__Exercise requirements__. Take the material below and extract the lines from the one with "Mistrzostwa świata w" through the one with "Serenissima Ristorazione sceglie", word for word, without pictures.

__Data to use__.
*-*-*

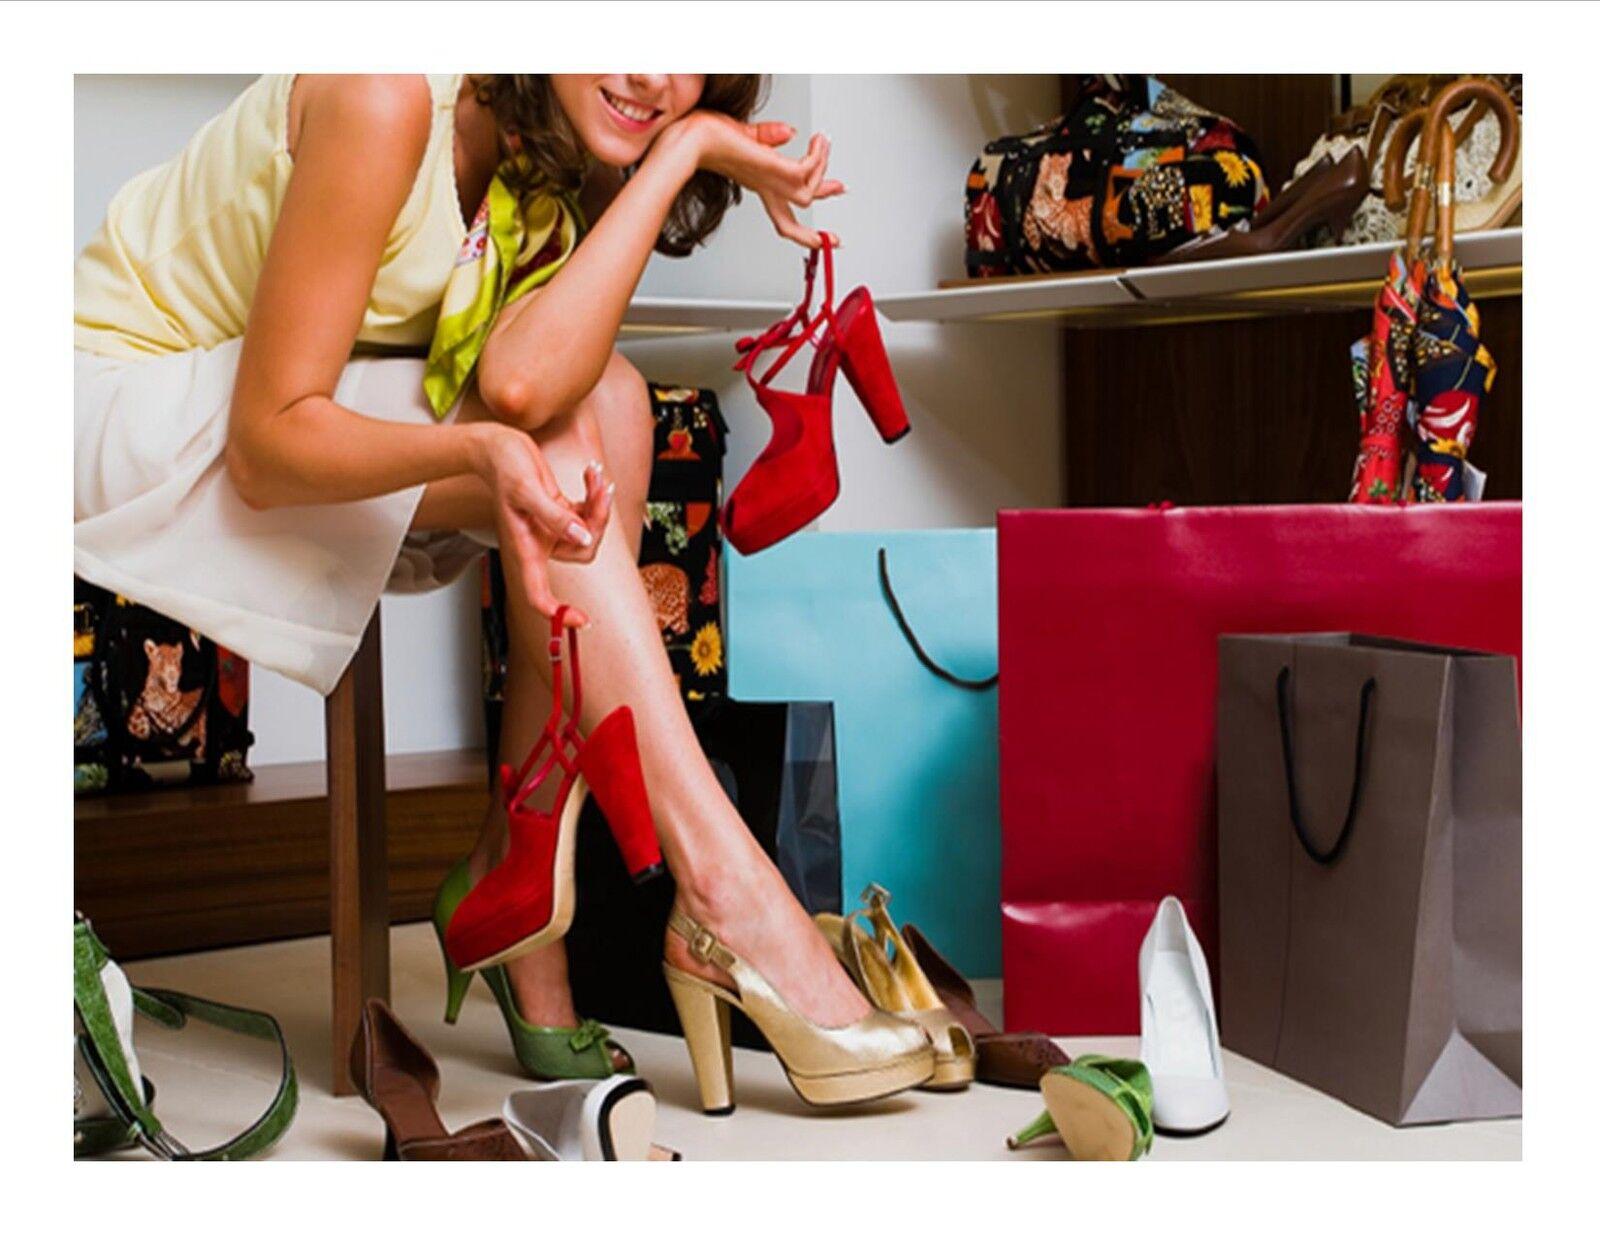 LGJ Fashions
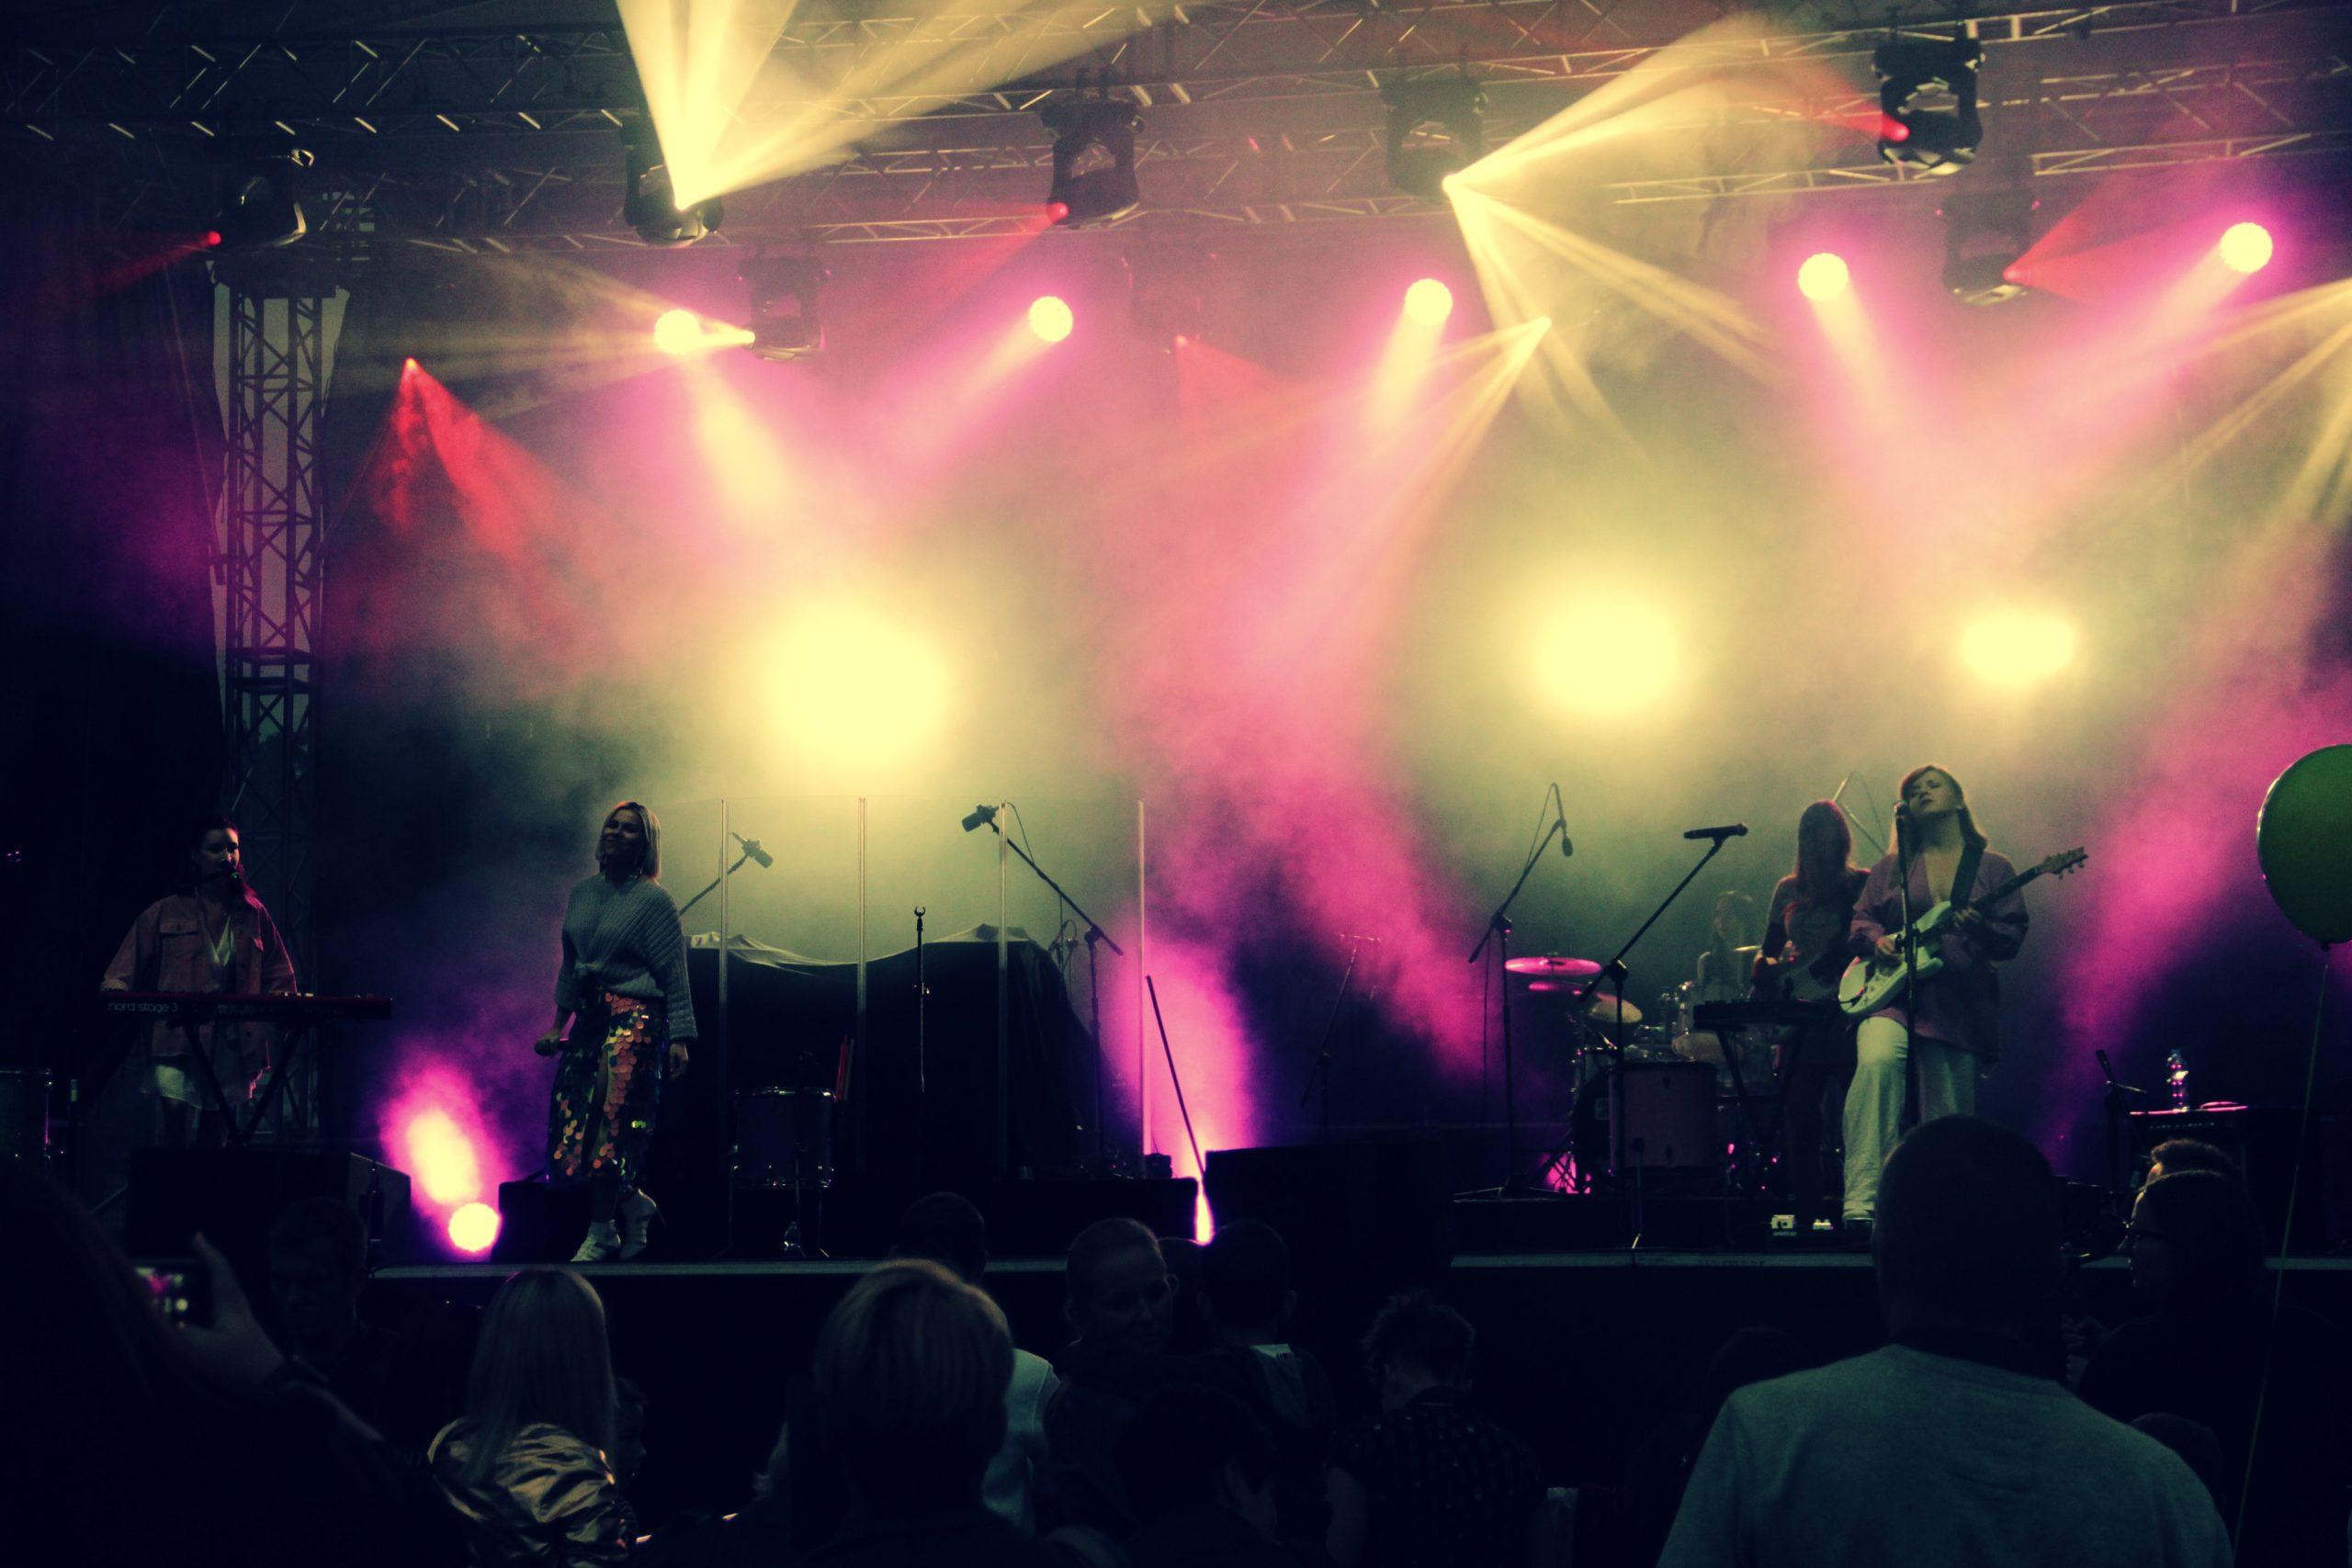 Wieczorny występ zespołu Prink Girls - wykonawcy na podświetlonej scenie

*-*-*

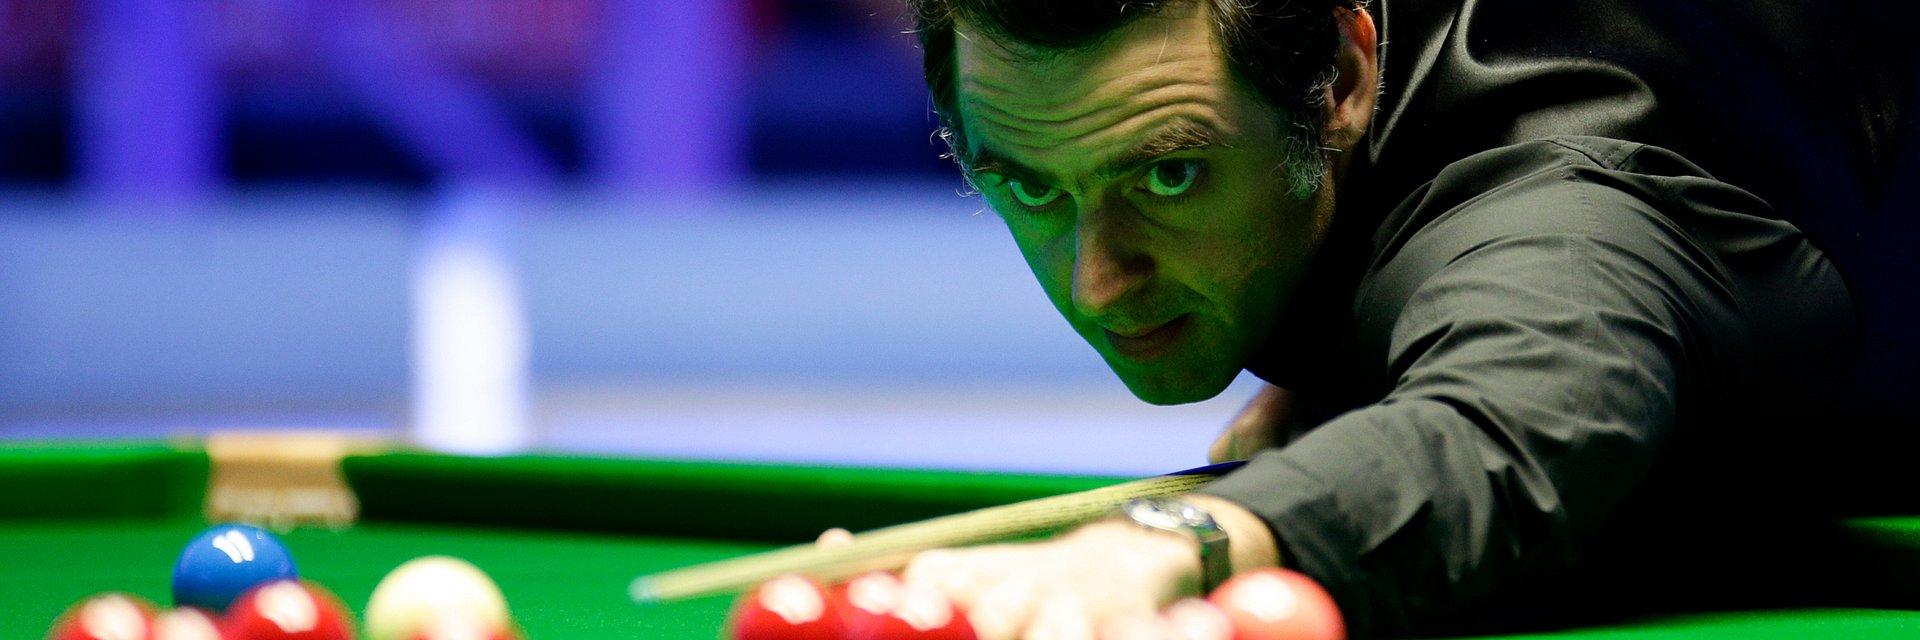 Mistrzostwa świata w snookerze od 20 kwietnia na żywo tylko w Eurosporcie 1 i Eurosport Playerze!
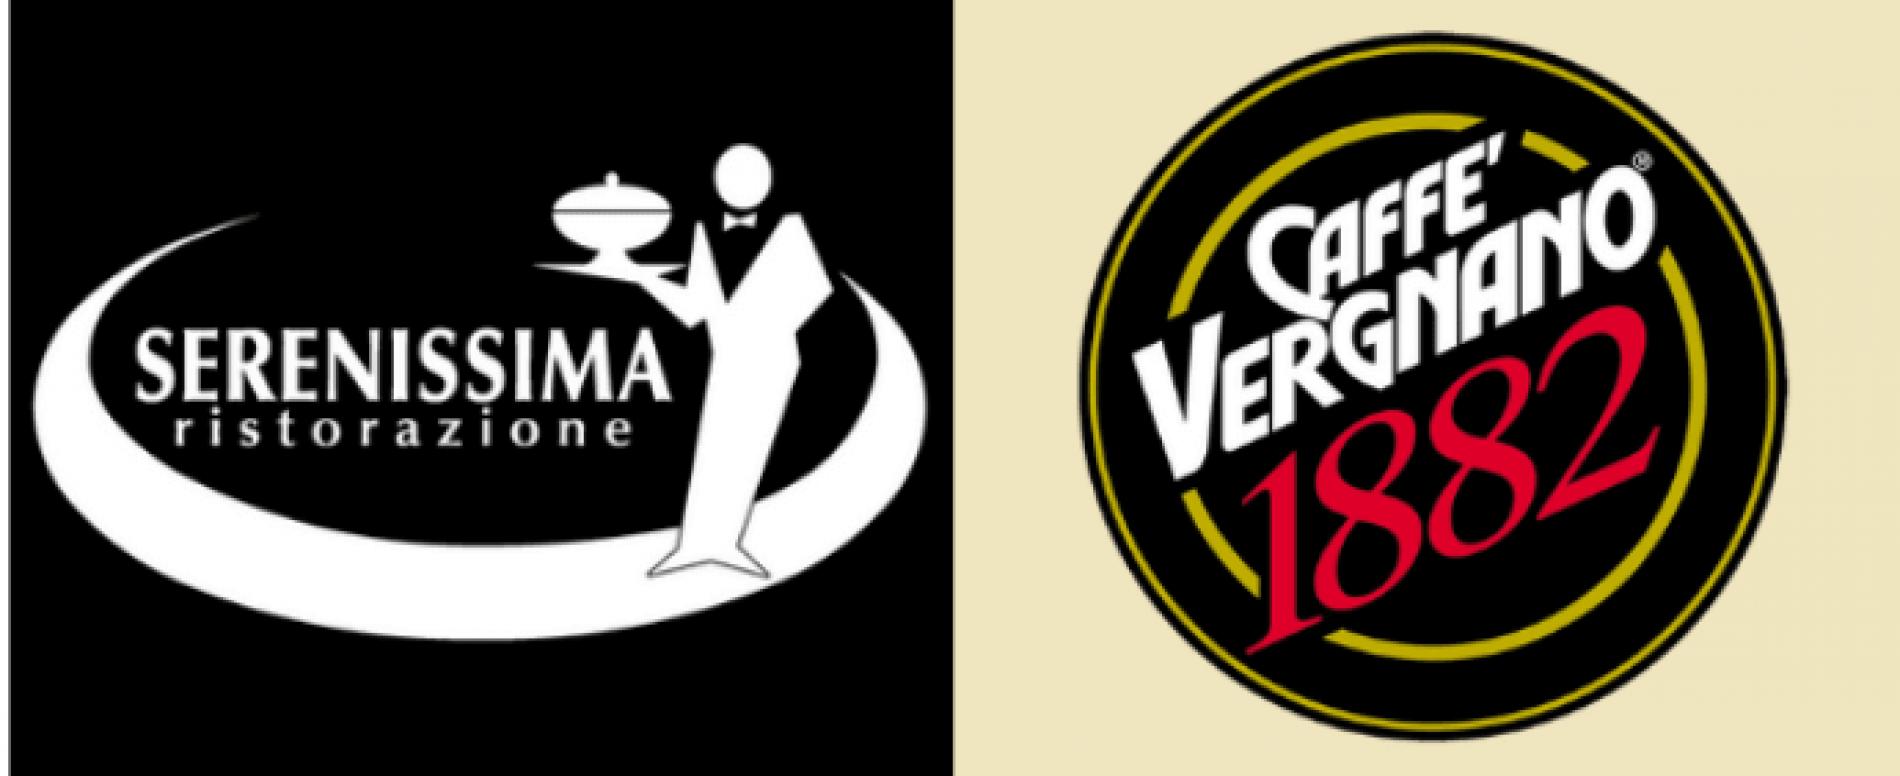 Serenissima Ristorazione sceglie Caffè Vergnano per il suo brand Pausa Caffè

*-*-*

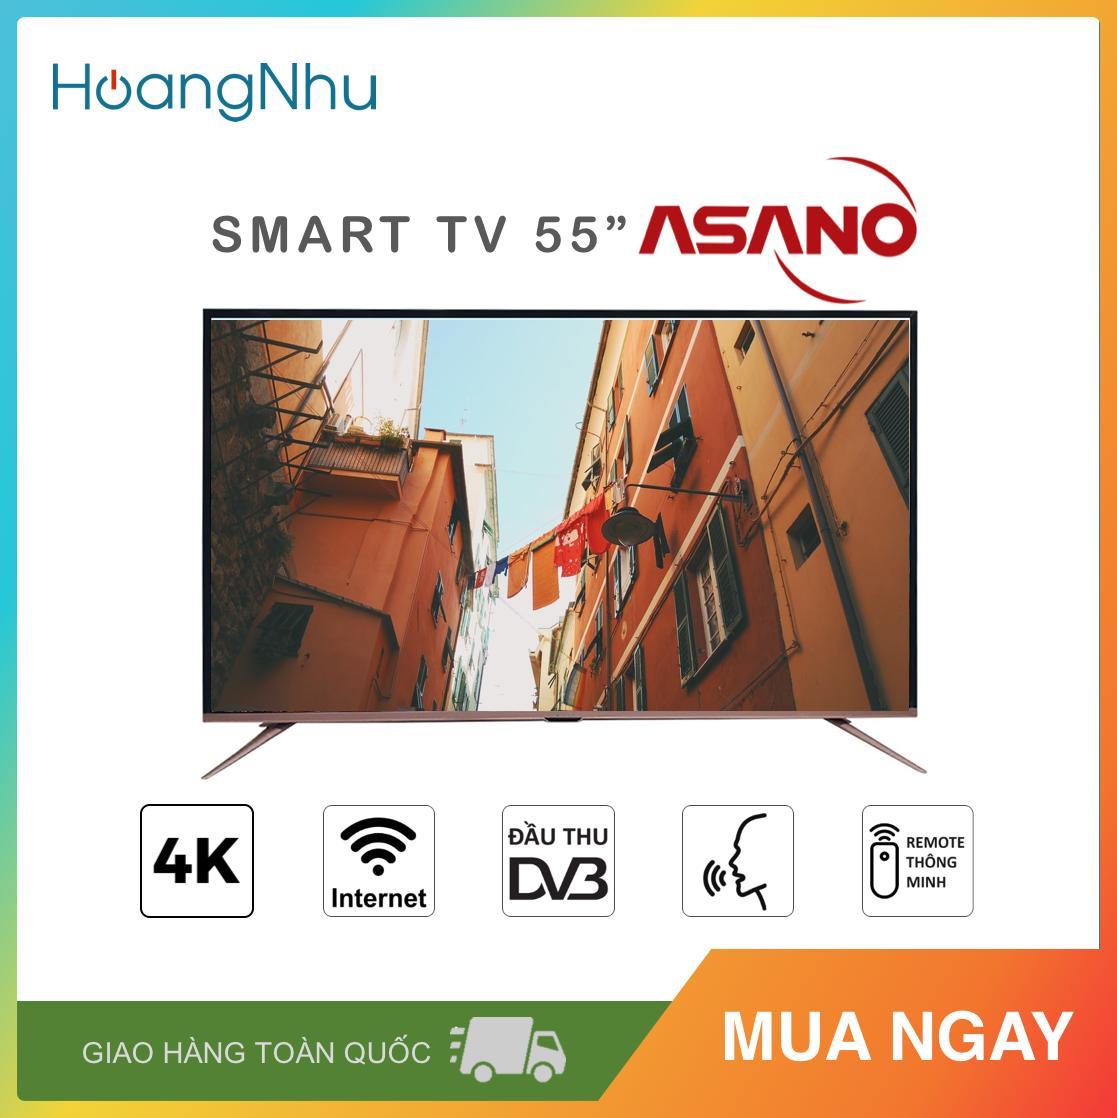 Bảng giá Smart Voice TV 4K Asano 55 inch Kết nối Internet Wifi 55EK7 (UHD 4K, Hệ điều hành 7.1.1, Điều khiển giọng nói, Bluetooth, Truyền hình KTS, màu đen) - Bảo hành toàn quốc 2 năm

*-*-*

__Solution for this task__.
 Mistrzostwa świata w snookerze od 20 kwietnia na żywo tylko w Eurosporcie 1 i Eurosport Playerze!
 Serenissima Ristorazione sceglie Caffè Vergnano per il suo brand Pausa Caffè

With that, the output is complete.